С 31-го мая Петербург разделился на три военные генерал-губернаторства, и издано повеление о том, чтобы всех, кто будет взят с поджигательными снарядами и веществами, а равно подстрекателей к беспорядкам судить полевым военным судом в 24 часа, с предоставлением военному генерал-губернатору права конфирмовать и приводить в исполнение приговоры военного суда.
В Исаакиевском соборе митрополит Исидор совершил молебствие об отвращении бедствий, и такие же молебствия ежедневно отправлялись во всех церквах. Со всех ступеней общества стали стекаться пожертвования в пользу погорельцев и вскоре доросли до весьма значительной цифры.
Вскоре после грозного объявления о полевом военном суде пожары совершенно прекратились, а между тем последовало несколько вызванных исключительно ими правительственных мер весьма знаменательного свойства.
3-го июня объявлено о закрытии Самсониевской и Введенской воскресных школ и об учреждении особой комиссии для исследования действий их преподавателей и распорядителей. В объявлении, опубликованном по этому поводу «Северной Почтой» сказано: «Показаниями фабричных работников обнаружено, что в этих воскресных школах преподается учение, направленное к потрясению религиозных верований, к распространению социалистических понятий о праве собственности и к возмущению против правительства. Два работника, сперва посещавшие Самсониевскую, а ныне посещающие Введенскую школу, позволили себе возмутительные толки, отзываясь о политических переворотах, о пользе пожаров, о надобности сжечь весь Петербург» и т. п.
6-го июня всем начальникам губернии предоставлено право судить полевым военным судом поджигателей и раскидывателей угрозливых подметных писем.
6-го же июня закрыть Шахматный клуб. В объявлении было сказано, что это распоряжение состоялось «в видах прекращения встревоженного состояния умов и к предупреждению между населением столицы не имеющих никакого основания толков о современных событиях». «В Шахматном клубе, говорило официальное объявление, происходят и из него распространяются те неосновательные суждения».
В тот же день закрыты все народные читальни. В объявлении говорилось, что "мера эта принята вследствие замеченного вредного направления некоторых из учрежденных в последнее время народных читален, кои дают средства не столько для чтения, сколько для распространения между посещающими их лицами сочинений, имеющих целью произвести беспорядки и волнение в народе, а также для распространения безосновательных толков".
8-го июня было объявлено о закрытии воскресных школ и других училищ, учрежденных при войсках, для лиц, не принадлежащих к военному ведомству. «Несмотря на все установленные правила для надзора за воскресными и бесплатными школами, говорилось в объявлении, ныне положительно обнаружено, в некоторых из них, что под благовидным предлогом распространения в народе грамотности, люди злоумышленные покушались в этих школах развивать вредные учения, возмутительные идеи, превратные понятия о праве собственности и безверие.
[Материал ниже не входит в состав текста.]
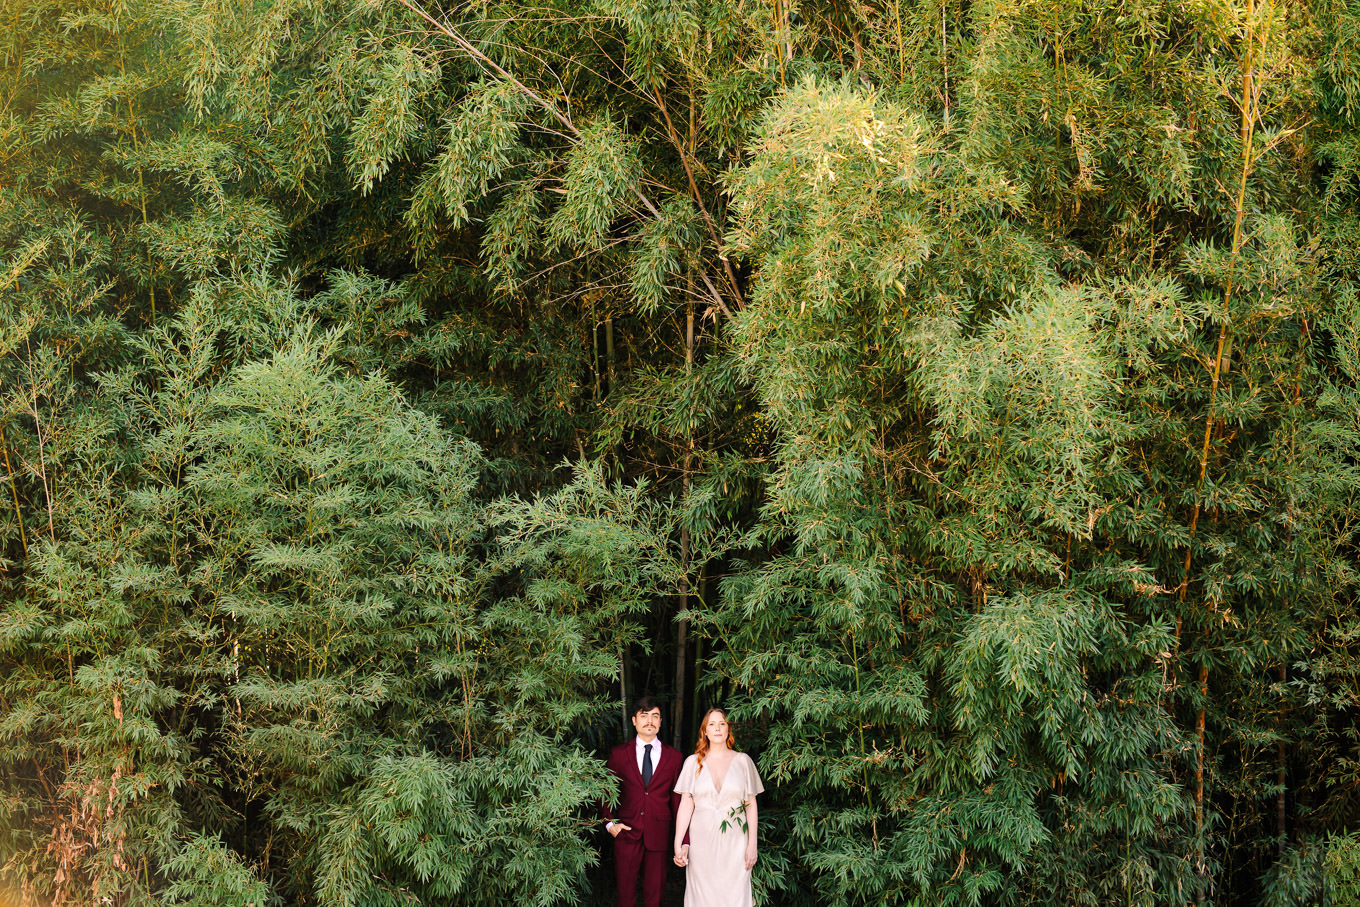 Wide shot of couple in bamboo forest | Los Angeles Arboretum Elopement | Colorful and elevated wedding photography for fun-loving couples in Southern California | #LosAngelesElopement #elopement #LAarboretum #LAskyline #elopementphotos   Source: Mary Costa Photography | Los Angeles

Государь император, имея в виду, что при многих воинских частях также учреждены воскресные бесплатные школы, что по затруднительности за ними надзора, злоумышленные люди могут и в этих школах проводить вредные и ложные учения, что притом обнаружены уже некоторые преступные покушения увлечь и нижних чинов к нарушению долга службы и присяги, высочайше повелеть соизволил, в предупреждение могущих быть пагубных последствий, ныне же закрыть все учрежденные при войсках воскресные школы и вообще всякие училища для лиц, не принадлежащих к военному ведомству, и впредь никаких сборищ посторонних людей в зданиях, занимаемых войсками, отнюдь не допускать».
12-го июня объявлено о закрытии воскресных школ и читален во всей Империи, вследствие обнаруженного во многих из них подобного же направления.
14-го июня объявлено о закрытии недавно учрежденного при «Обществе для пособия нуждающимся литераторам и ученым» особого отделения для вспоможения студентам. В этот же день объявлено высочайшее повеление о том, чтобы «чтение публичных лекций в Петербурге впредь разрешать не иначе, как по взаимному соглашению министров внутренних дел и народного просвещения с военным генерал-губернатором и главным начальником III-го отделения».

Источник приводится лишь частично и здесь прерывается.